VibeThinker 3B model beats Opus 4.5 on reasoning benchmarks

The VibeThinker paper on arXiv introduces a 3‑billion‑parameter model that outperforms Opus 4.5 on reasoning tasks using a new SFT+GRPO fine‑tuning pipeline. The result shows smaller models can rival larger ones when trained with the right technique.

sources[arXiv Paper]

VibeThinker, a 3 billion‑parameter language model, was released in a recent arXiv preprint that details a novel fine‑tuning pipeline called SFT+GRPO [arXiv Paper]. The authors report that the model surpasses Opus 4.5 on a suite of reasoning benchmarks, despite the latter’s larger size [arXiv Paper].

What shipped

The VibeThinker release includes the full model checkpoint, training scripts, and evaluation results.

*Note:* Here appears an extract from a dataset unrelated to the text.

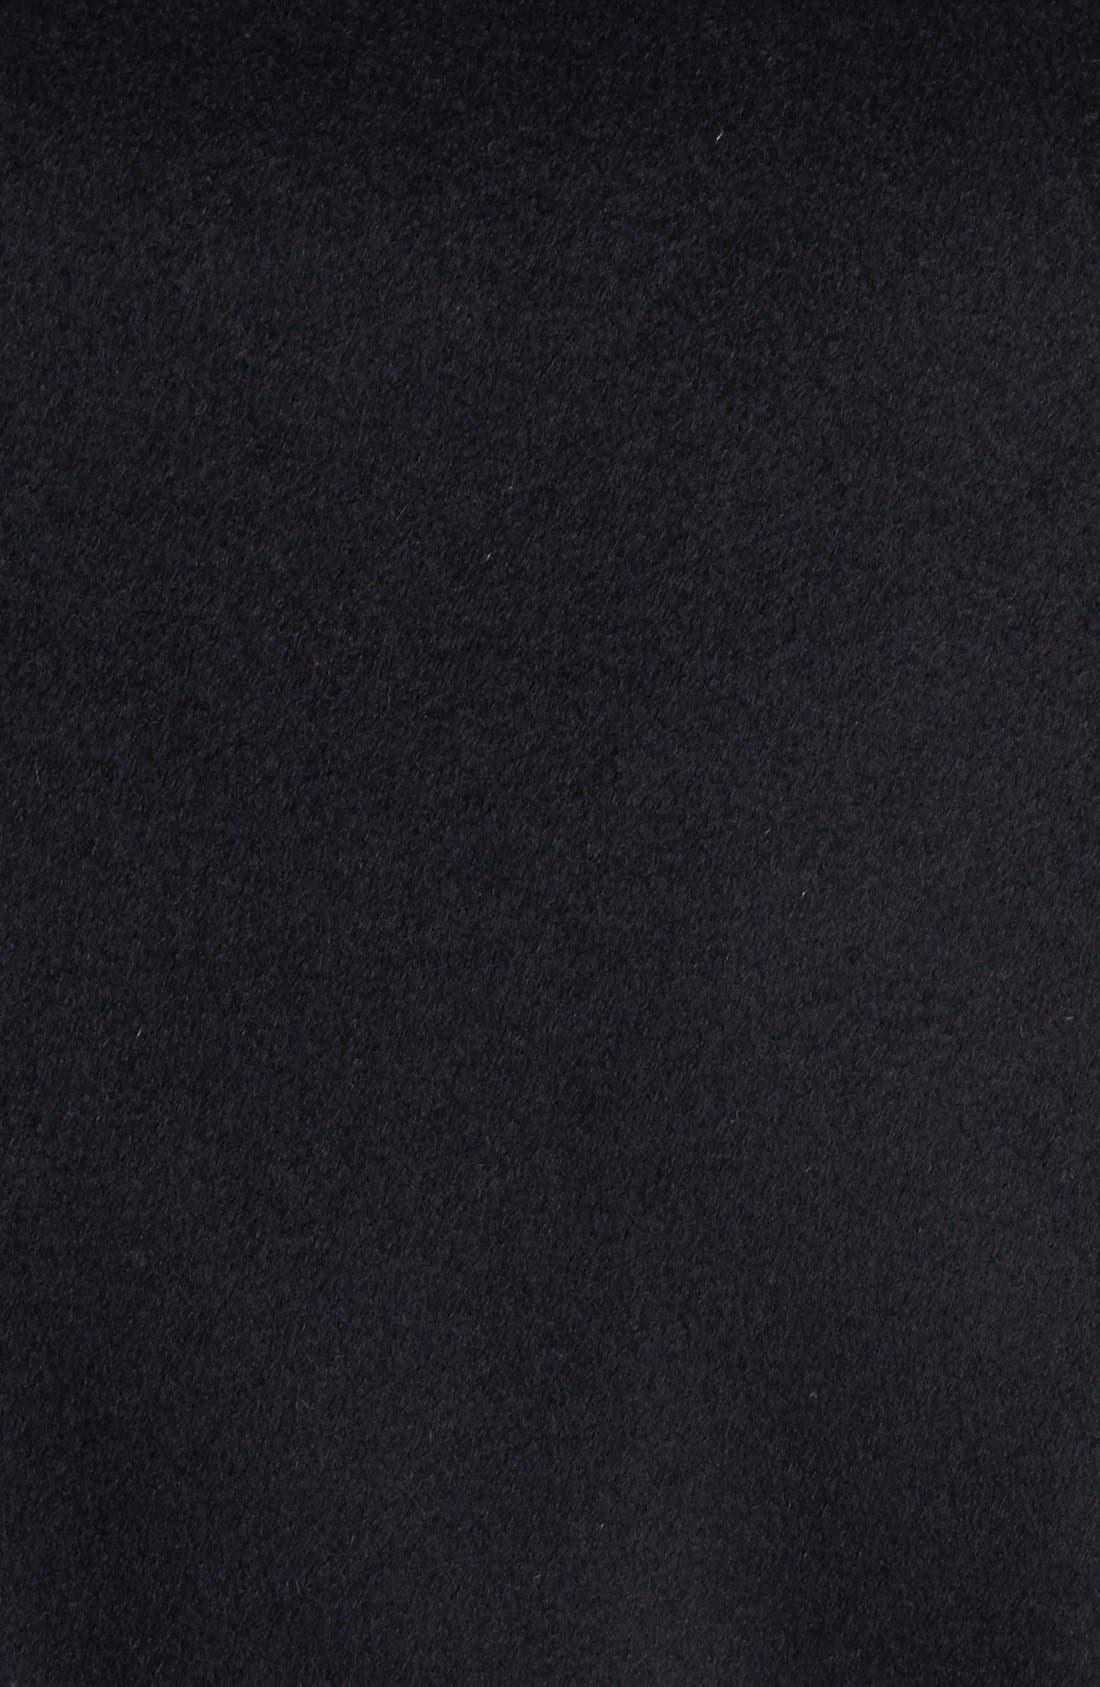 BOSS HUGO BOSS 'Sintrax' Wool Blend Coat,                             Alternate thumbnail 3, color,                             001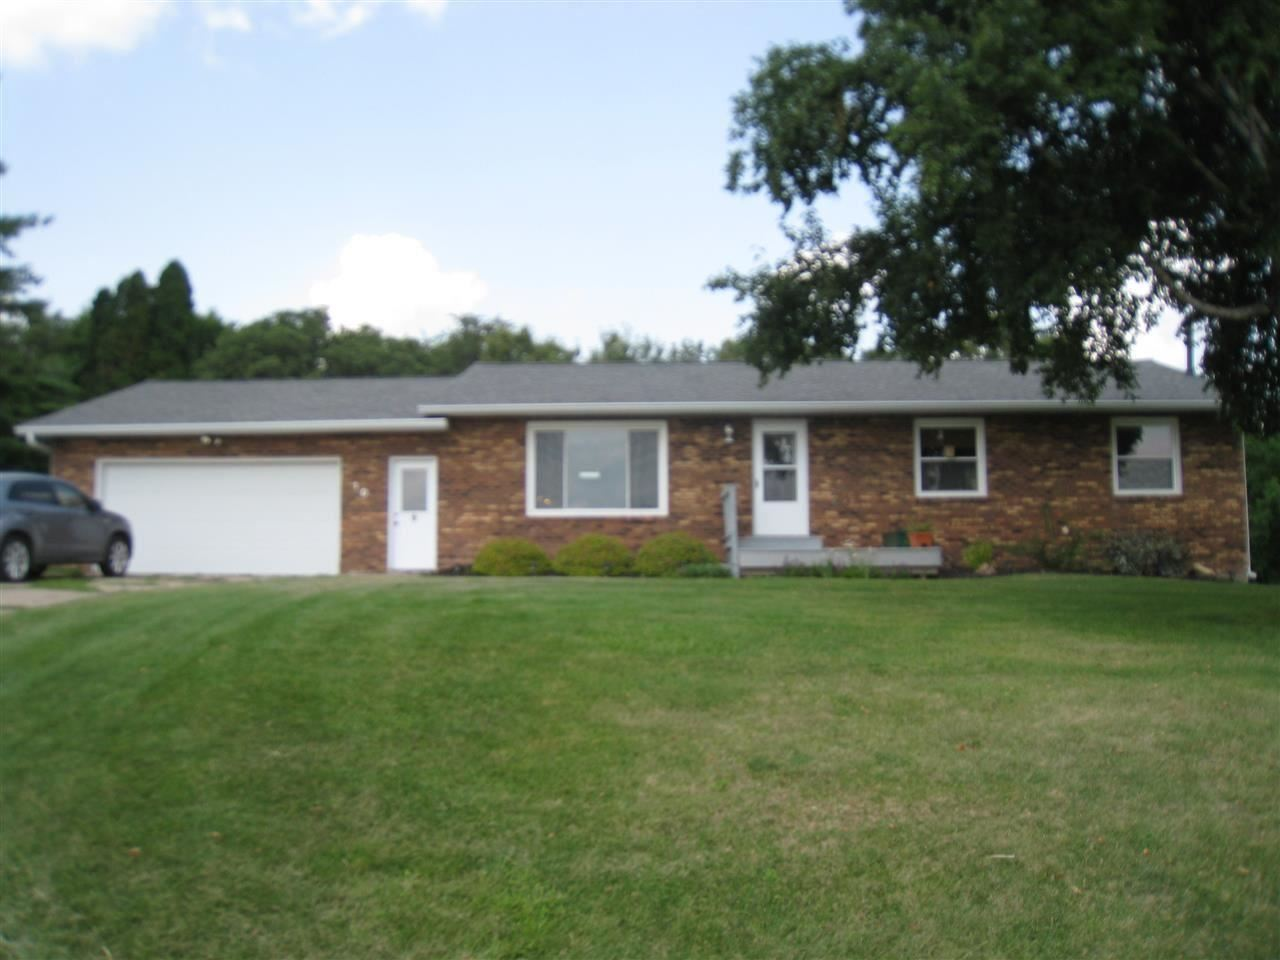 Real Estate for Sale, ListingId: 31589856, Orion,IL61273

SFT+GRPO blends supervised fine‑tuning with gradient‑regularized policy optimization, allowing the model to adapt more effectively to task‑specific data. The paper shows state‑of‑the‑art scores on multiple reasoning datasets, confirming the method’s efficacy.

Why it matters

The achievement demonstrates that parameter count is not the sole driver of performance; targeted fine‑tuning can close the gap between small and large models, cutting compute costs for deployment. Because SFT+GRPO is a generic training recipe, it can be applied to other architectures, potentially raising the baseline for many downstream tasks. Finally, the work underscores the value of continued research into fine‑tuning strategies, which may yield outsized gains without scaling model size.

adjacent broadcasts

TX_194589·ai

operator_channel

[ comments_offline · provider_not_configured ]

transmission_log

Subscribe to the broadcast.

Daily digest of the day's most important tech news. No fluff. Engineering signal only.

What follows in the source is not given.